Well, at the most basic level, every single field of an object or array[1] can be accessed from multiple threads without data race or tearing. For example, this program is sound:
class Example {
Example ref;
public static void main(String[] args) {
Example parent = new Example();
Example child1 = new Example();
Example child2 = new Example();
new Thread(() -> {
while (true) {
parent.ref = child1;
}
}).start();
while (true) {
parent.ref = child2;
}
}
}
To write fully equivalent lock-free code in Rust, you’d need to bring in arc-swap or a similar data structure which allows the ref field to be written atomically (and manages the reference counts of the Arcs you’d need to use for child1 and child2). In Java, this applies implicitly to every field regardless of the type of the field.

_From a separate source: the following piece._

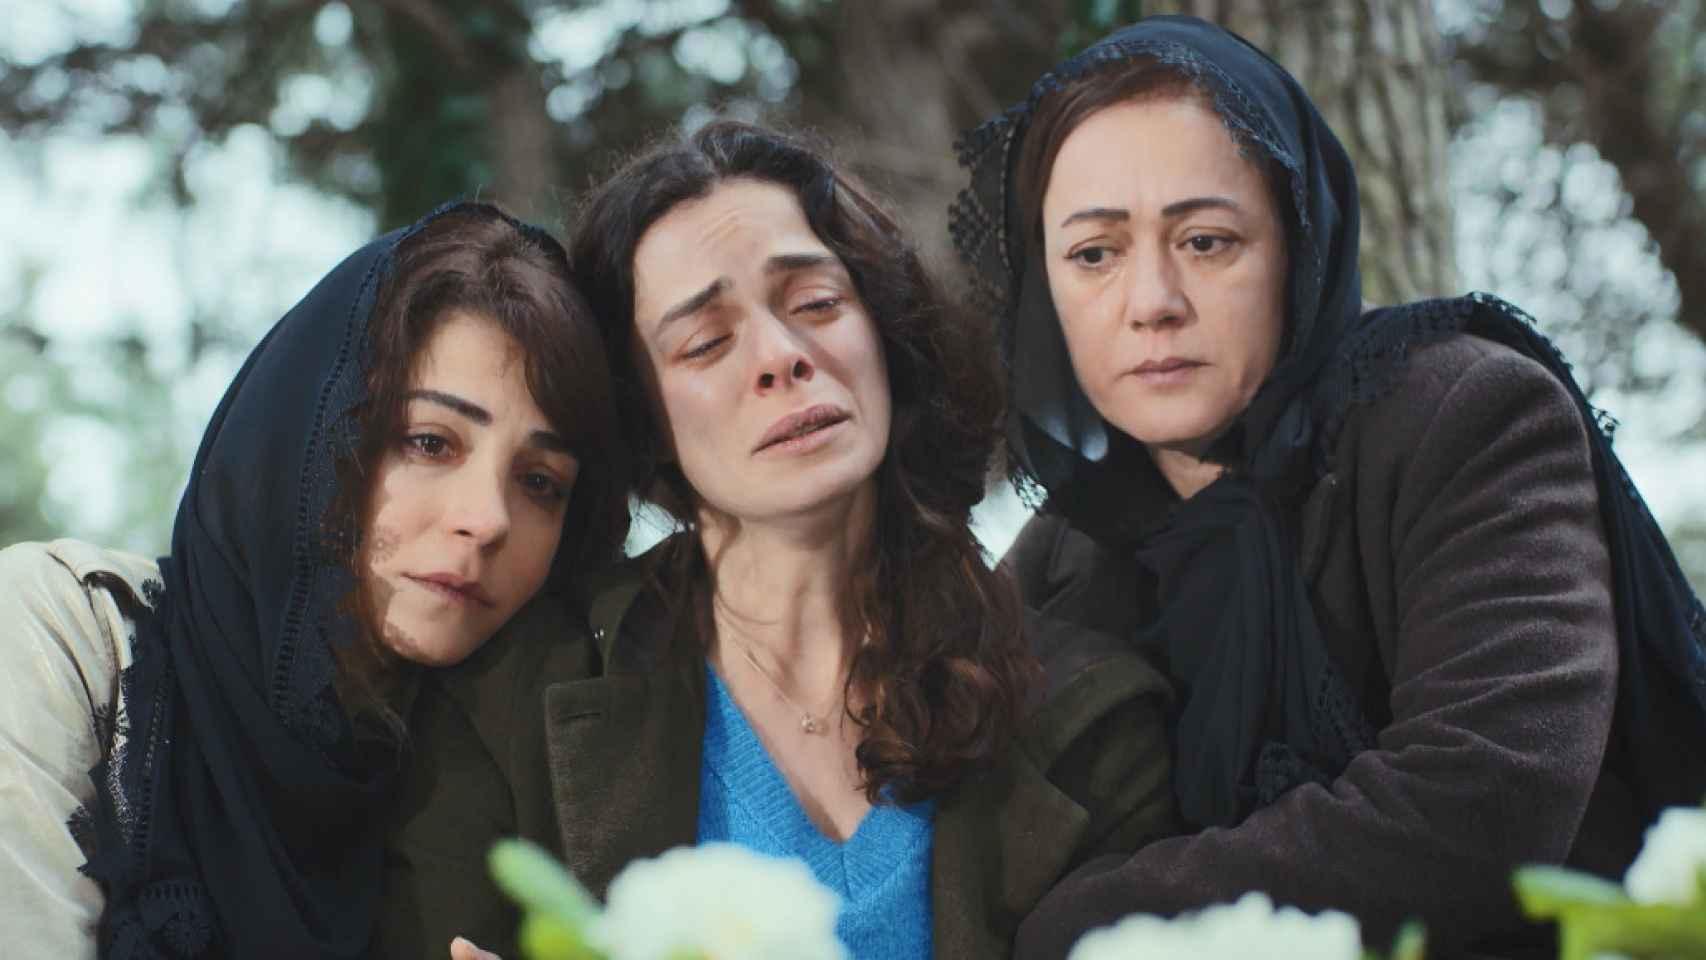 Avance en fotos de la segunda parte del capítulo 50 de 'Mujer' que Antena 3 emite este martes 16

This means that in Java, locks are used for correctness, not soundness — the consequences of forgetting to use a lock are that data changes in a way that you didn’t want but is still consistent with the rules of the language; there is no undefined behavior. So if you want arc-swap style “read often, write rarely and with atomic replacement”, in Java that’s just an ordinary field.
There’s a lot more that can be said about the Java memory model and what kinds of lock-free data structures it enables, but I am not an expert on that and cannot write up a neat example. Back when I was writing concurrent Java for profit, we were lucky to have a person on our team who did understand it and could tell us exactly what we could and couldn’t get away with — but without that kind of wizardry a lot of Java programs still incidentally take advantage of being able to not add explicit locks around things which Rust would require. Thus, rewriting in Rust may often require taking different approaches to data organization — even in single-threaded code since Rust’s model applies to reentrant mutation (A calls B calls A) just as much as multi-threaded mutation.
Of course, all this is specific to Java and other languages have other approaches. But many “OOP and GC” languages have some solution such that modifying objects from multiple threads isn’t easily-hit instant UB — for example, Python has the global interpreter lock, so every such read or write is in fact sequential and can’t be a race.[2]